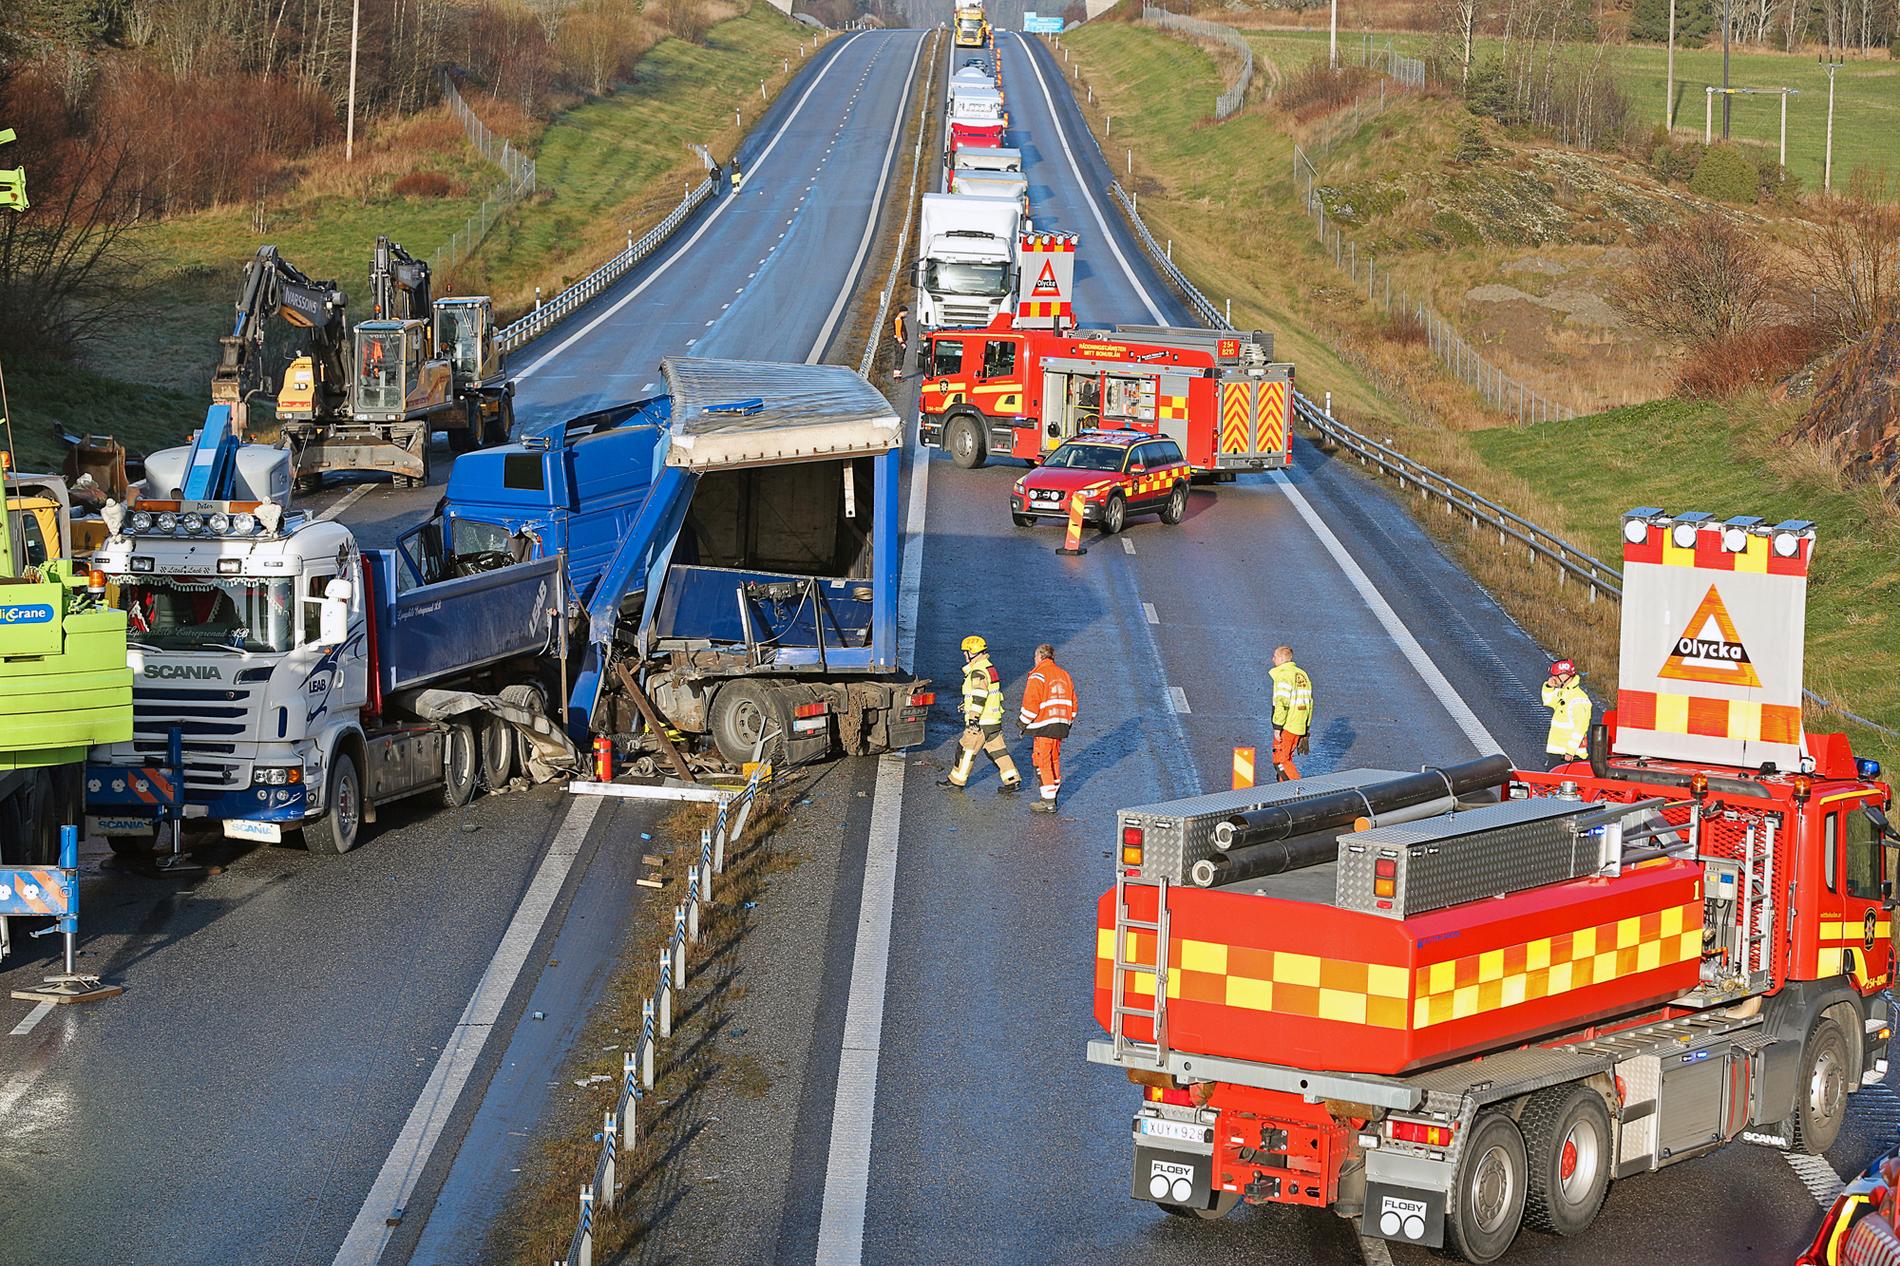 Flera olyckor med lastbilar inblandade på E6 i Munkedal vid Dingle, E6 helt avstängd på en lång sträcka då flera olyckor inträffat inom några kilometer.
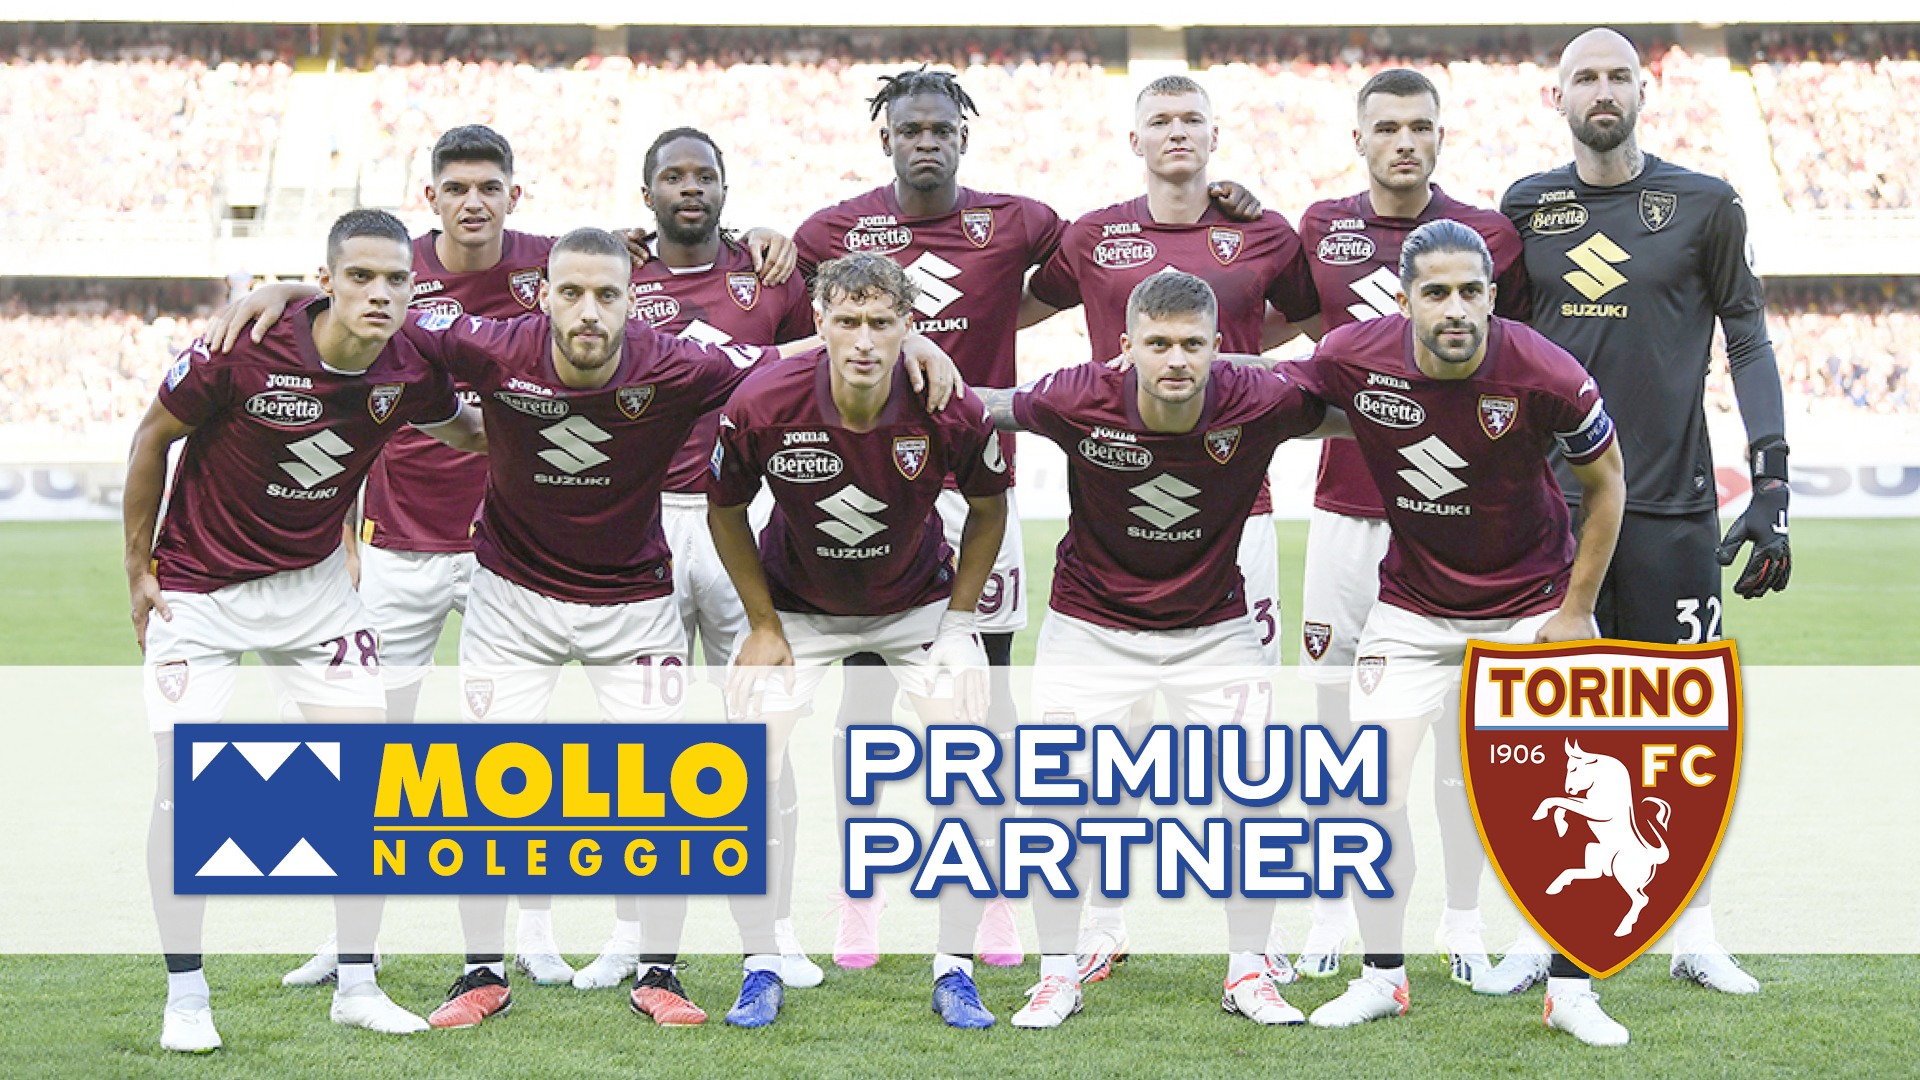 Mollo Noleggio Premium Partner TORINO FC
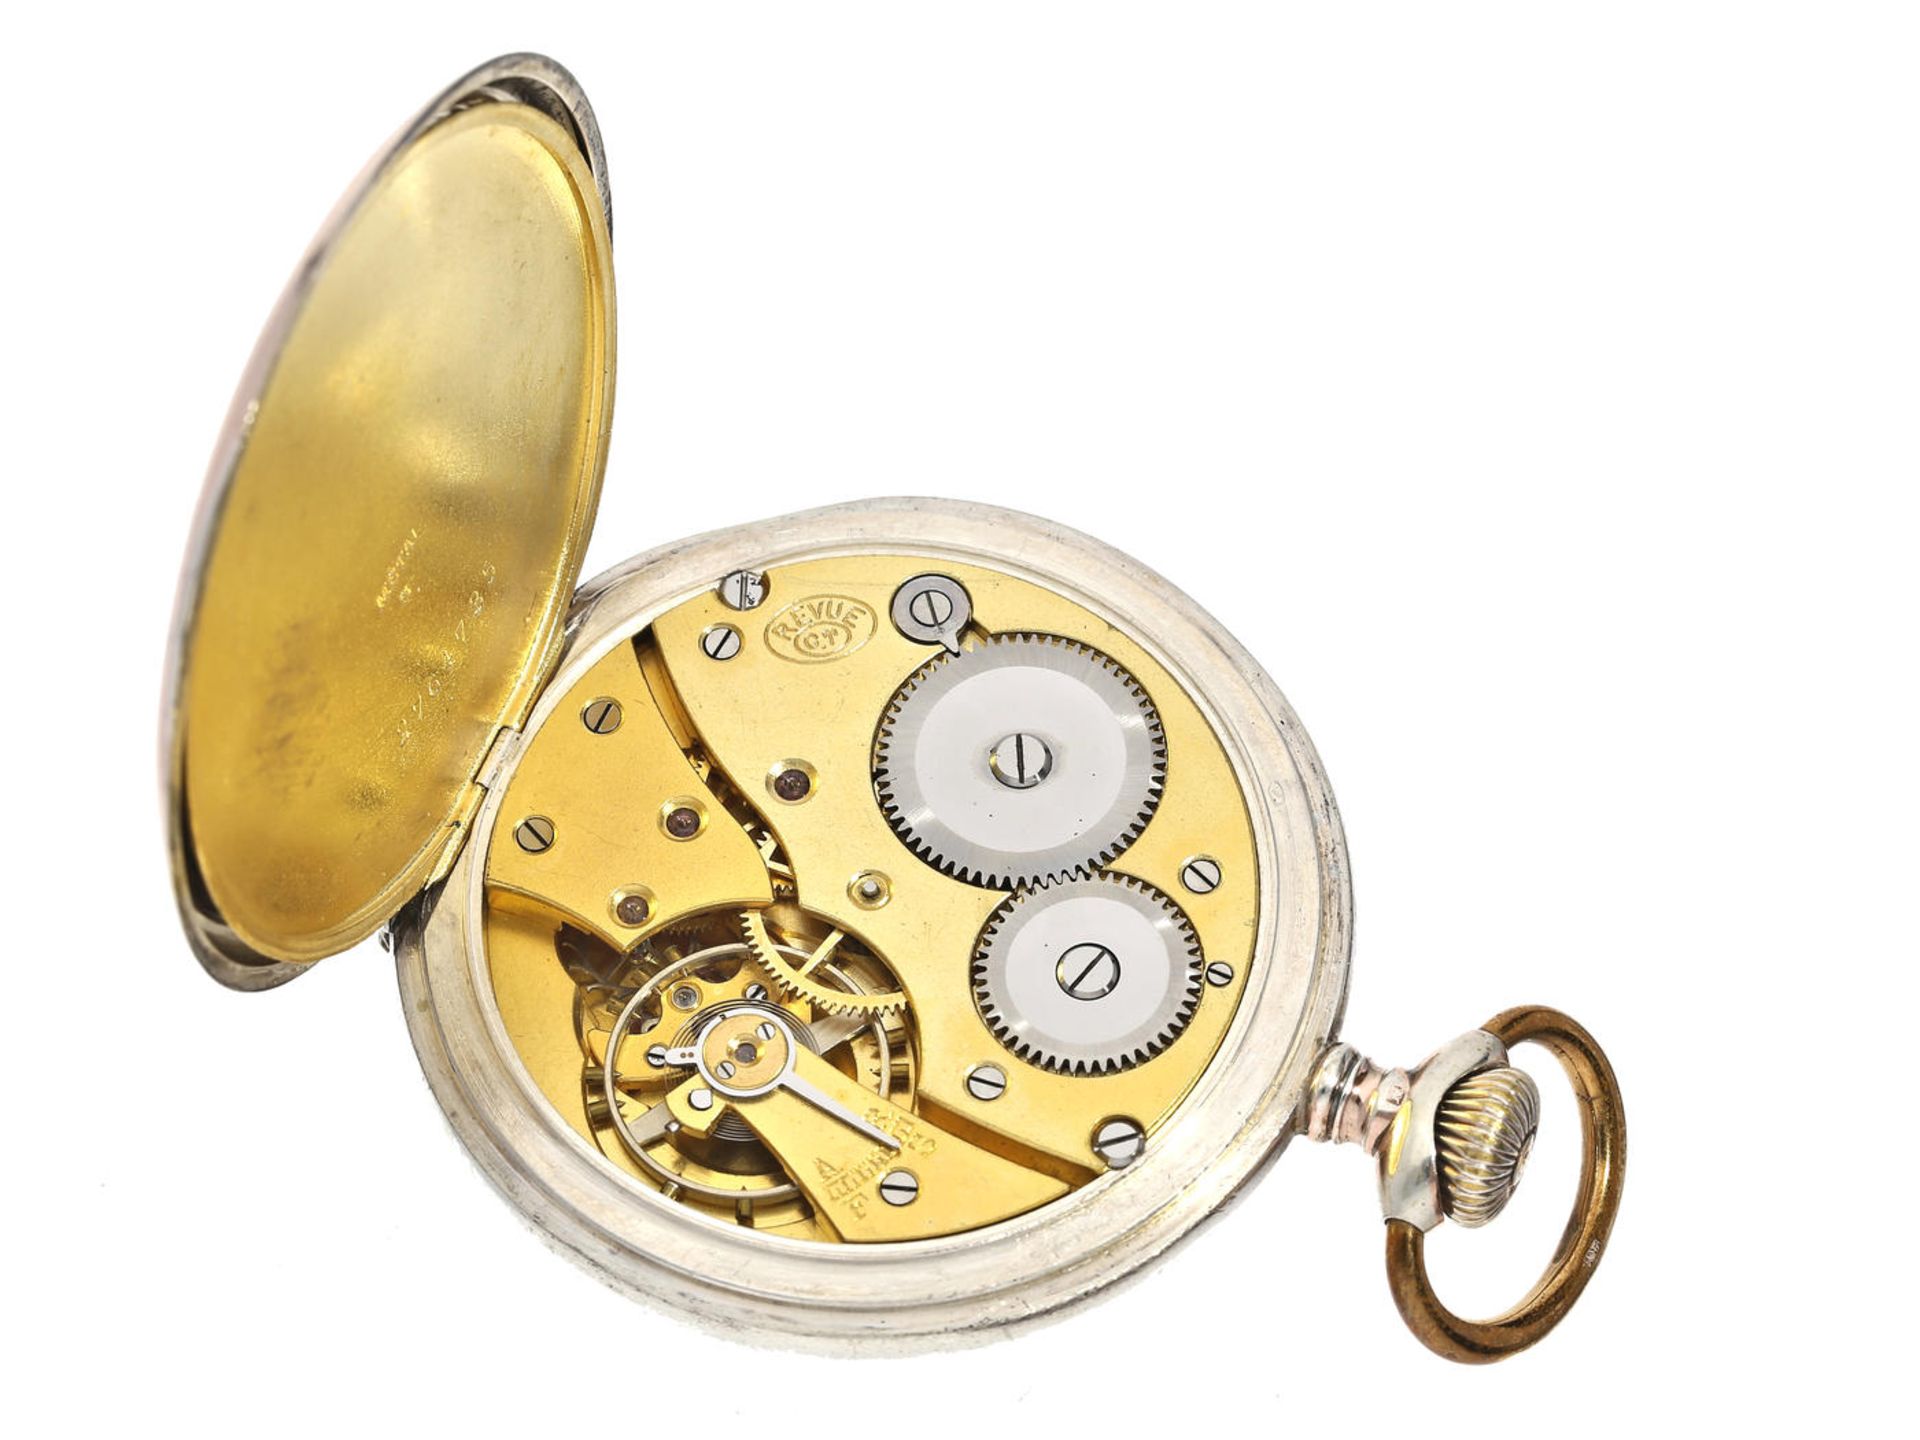 Taschenuhr: attraktive Taschenuhr mit Reliefgehäuse und Verkäufer-Signatur Johann Reckeweg, Achim - Bild 2 aus 3

## ACTIVITY
Every line from the line containing "Mollo Noleggio Premium Partner TORINO FC" through the last line above is to be printed exactly. Pictures are not copied.

## EXERCISE OUTPUT
 Mollo Noleggio Premium Partner TORINO FC
 Taschenuhr: attraktive Taschenuhr mit Reliefgehäuse und Verkäufer-Signatur Johann Reckeweg, Achim - Bild 2 aus 3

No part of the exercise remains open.